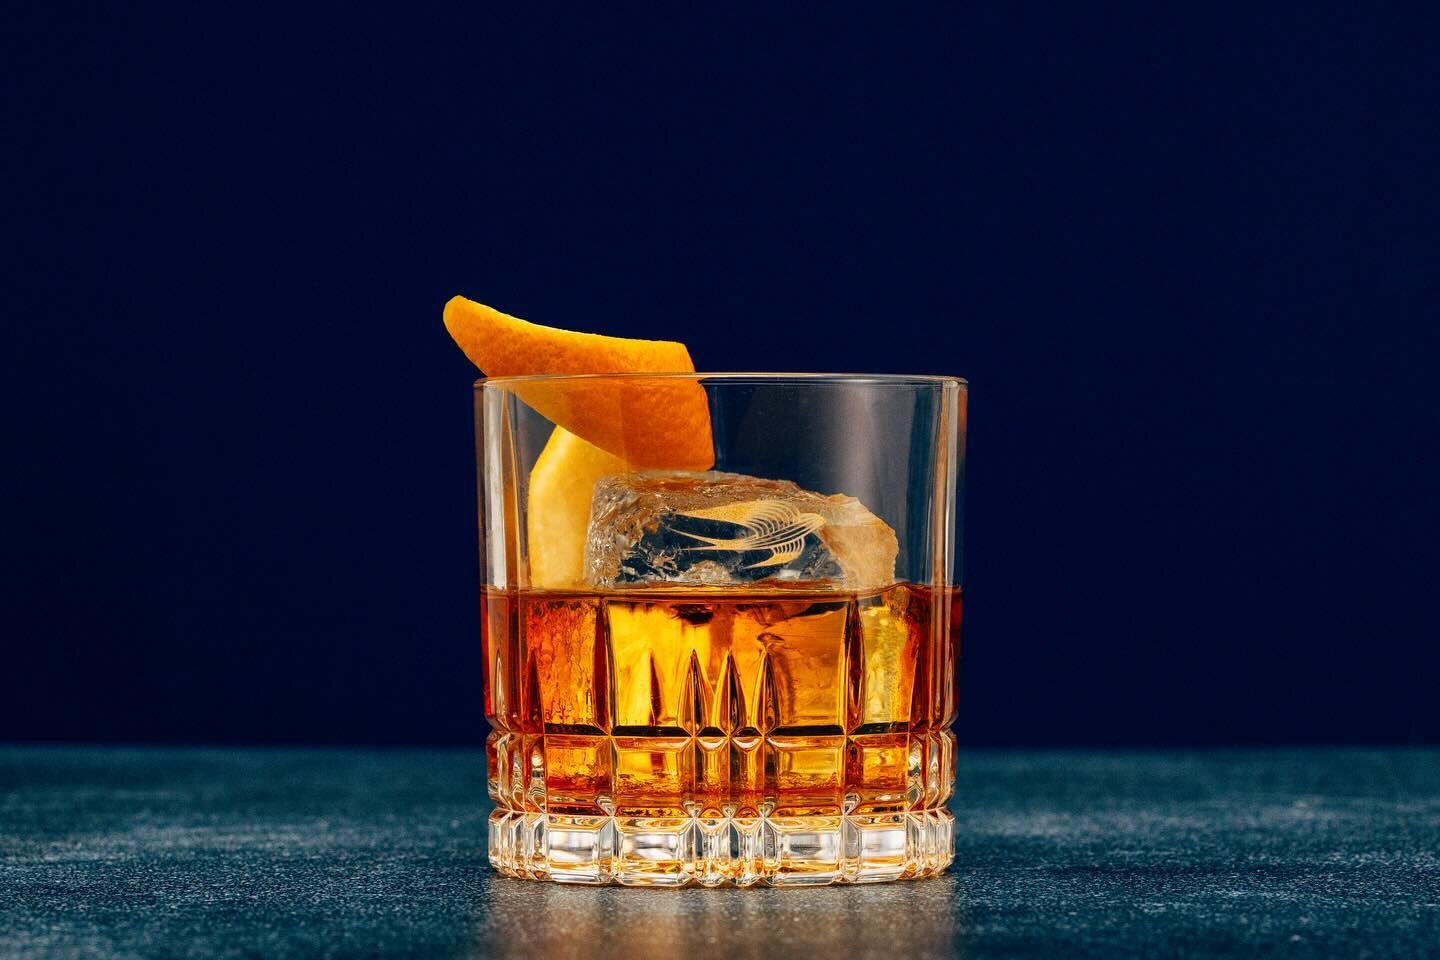 Cocktails shots and edit for @martellusa. 
Produced by @paradoxal_residency 
Location: @rambow.studio 

#cocktails #drinks #martell #cognac #liquor #photography #studio #photooftheday

++++

TASK BRIEF: A line belongs in the answer if it contains the word "studio"; please copy each such line from the material.

EXERCISE RESULT:
Location: @rambow.studio 
#cocktails #drinks #martell #cognac #liquor #photography #studio #photooftheday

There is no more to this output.